Мой старший брат Григорий учился в Париже, но из-за недостатка средств вынужден был вернуться в Латвию. Позднее, в тридцатые годы он уехал еще раз заграницу, в Неаполь, уже вместе со своей невестой Мирой. Ему помог материально дядя Илья, помогали и другие бездетные дяди, в кармане у которых что-то еще оставалось от царских времен. С их помощью Григорий продержался на плаву еще какое-то время, но денег не хватило, и ему снова пришлось вернуться в Ригу.

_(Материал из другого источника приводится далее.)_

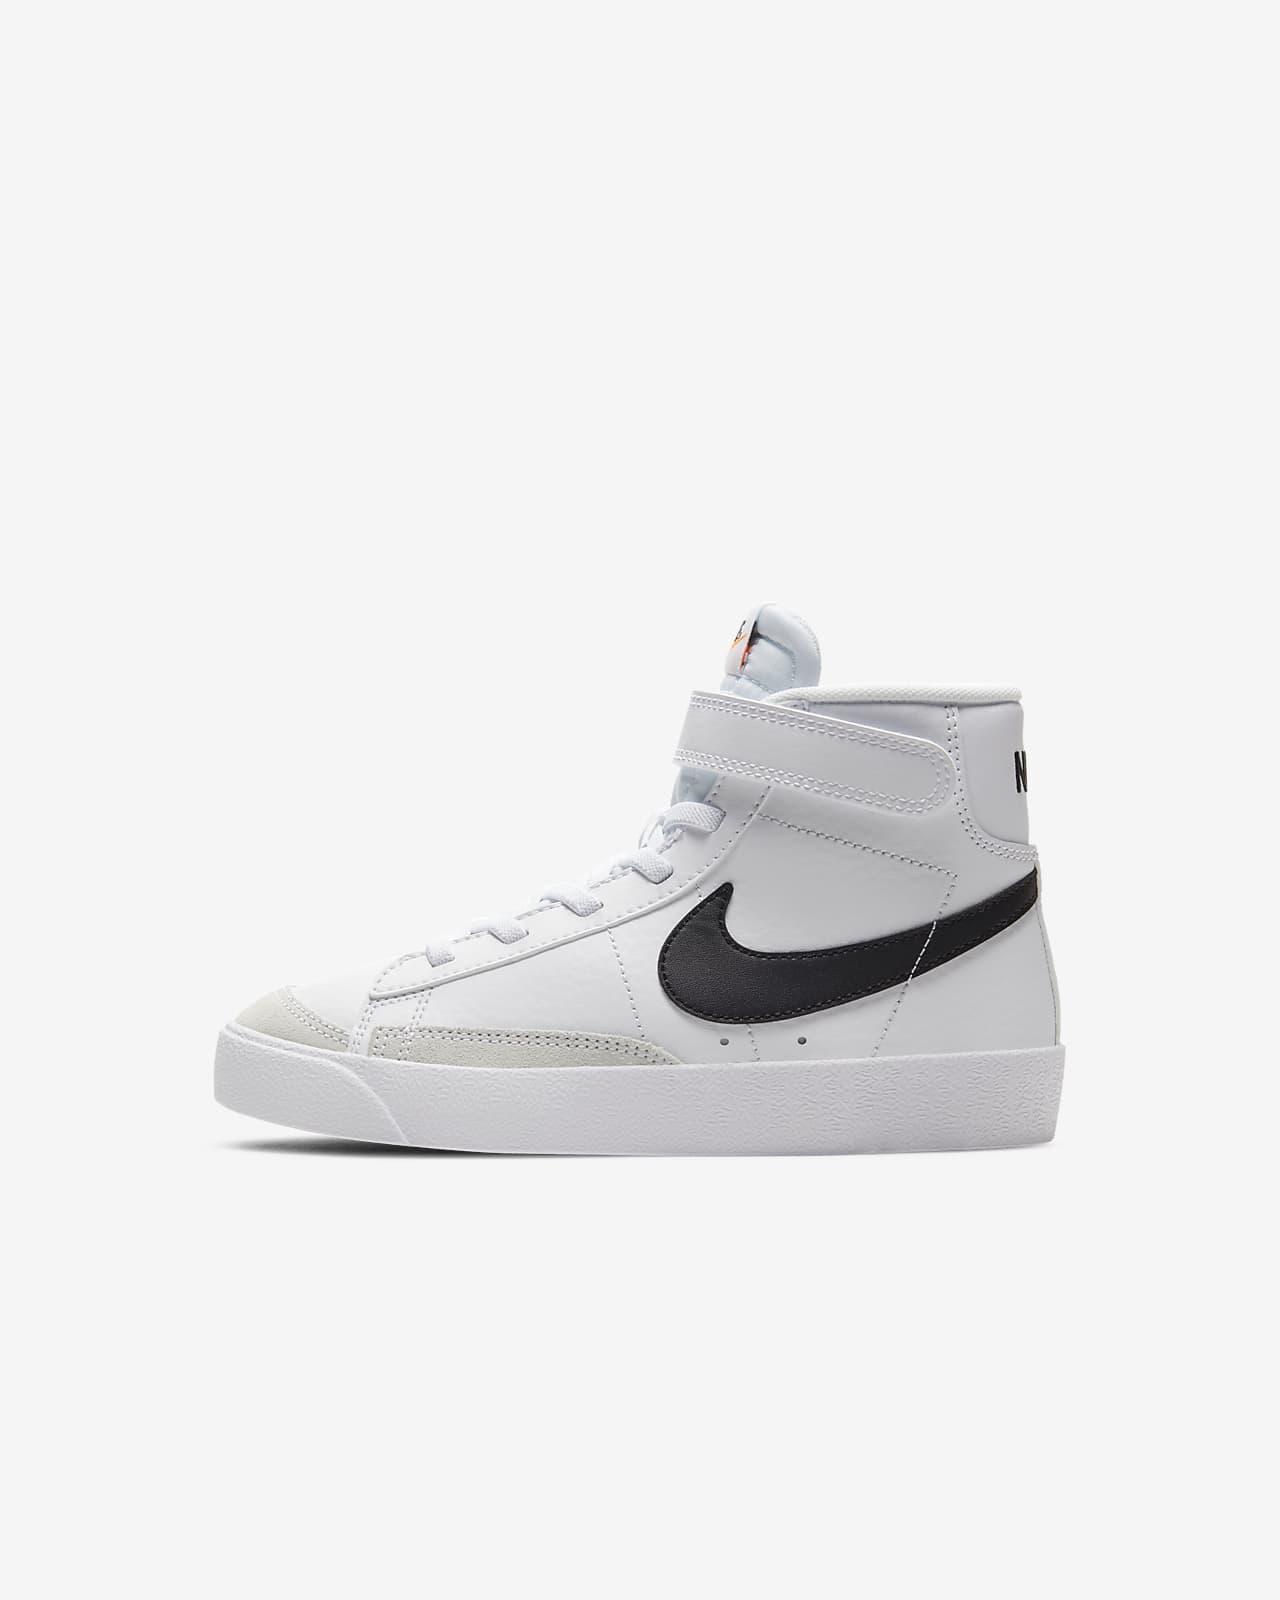 Calzado para niños talla pequeña Nike Blazer Mid '77

Колоссальное, незабываемое впечатление на меня оставил средний брат, Илья. Один случай я вспоминаю всю жизнь. У меня был друг Витольд[21], латышский парень, живший в нашем доме этажом выше. Сын инженера, он наследовал профессию отца. Я слышал, что после войны он попал в Америку и в Чикаго стал главным инженером крупного завода. Уже в детстве у Витольда были игрушки с техническим уклоном, даже миниатюрная паровая машина. Я никакой не технарь, но играл с ним самозабвенно. И в один прекрасный день мы с ним рассорились вдрызг. Илья, заметив, что с нами что-то неладно, осведомился, в чем дело. «Мы с ним рассорились». – «И ты больше не хочешь дружить с ним?» – «Я бы хотел, но он меня обидел! Мы с ним вообще не разговариваем!» – «И как давно?» – «Шестой день!» Илья обдумал ситуацию и сказал: «Подождем еще один день, тогда будет полная неделя. У индейцев принято после недели разлада выкуривать трубку мира».

Через день он усадил рядом нас обоих. Витольд тоже был не прочь выкурить трубку мира. Брат размял концы папирос так, чтобы там не осталось ни крошки табаку, зажег папиросу, дал одному, потом другому, сам третьим втянул первый дымок. «Так, теперь по индейским законам вы снова друзья!» Мы оба, бесконечно довольные, тут же побежали играть с машинами Витольда.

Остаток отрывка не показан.